比较胰腺上皮内瘤变(PanINs)和导管内乳头状黏液性肿瘤(IPMNs)的临床病理特征,并研究hsa-miR-96和hsa-miR-217在这两种病变中的作用。本研究选取福尔马林固定石蜡包埋的胰腺标本,包括58例胰腺上皮内瘤变(PanINs)、45例胰腺导管腺癌(PDAs)和57例导管内乳头状黏液性肿瘤(IPMNs)。采用锁核酸杂交(LNA-ISH)及NBT/BCIP染色系统检测微小RNA hsa-miR-96和hsa-miR-217。用卡方检验分析样本组间微小RNA表达的差异。PanIN-PDAs倾向于表现出更高的侵袭率(p = 0.033)、淋巴结转移率(p = 0.0004)和更低的分化程度(p < 0.001)。在45例PDAs中,只有2例处于美国癌症联合委员会(AJCC)Ⅰ期,而有11例IPMN相关癌(p = 0.0018)。
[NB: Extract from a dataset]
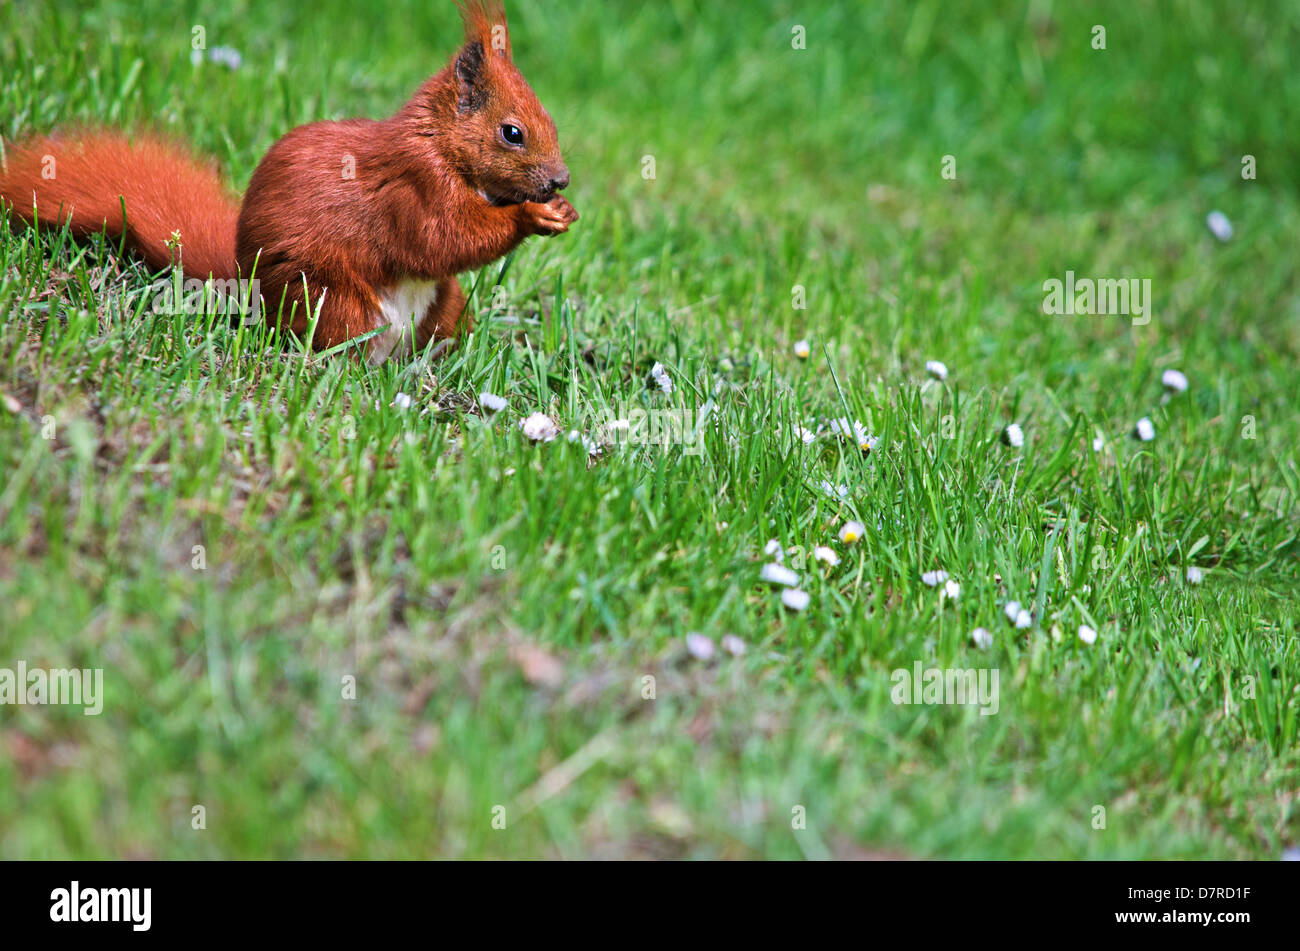 A red squirrel sitting on a green meadow with daisies. Shallow depth of field. Much free copy space. Stock Photo

在PanIN-1、PanIN-2和PanIN-3中,hsa-miR-96的表达分别为91.3%(22/23)、78.6%(12/17)和22.2%(4/18),而hsa-miR-217的表达分别为95.7%(22/23)、70.6%(12/17)和27.8%(5/18)。在低级别、中级别、高级别不典型增生及相关癌的IPMN中,hsa-miR-96的表达分别为67%(9/13)、64%(7/11)、43%(3/7)和27%(7/26),而hsa-miR-217的表达分别为77%(10/13)、64%(7/11)、29%(2/7)和38%(10/26)。hsa-miR-96和hsa-miR-217在PanIN-1病变中的表达与正常胰腺导管上皮无显著差异。然而,它们在PanIN-2/3病变中的表达与正常胰腺导管上皮有显著差异(P < 0.01)。PanIN来源的腺癌与IPMN相关癌之间未观察到差异。IPMN相关癌在手术时的分期在统计学上早于PanIN-PDAs。在胰腺癌的癌前病变(PanINs和IPMNs)中观察到hsa-miR-96和hsa-miR-217的异常表达,且随着PanINs和IPMNs级别的增加而下调。这些微小RNA可能作为潜在的早期生物标志物,并发挥肿瘤抑制基因的作用。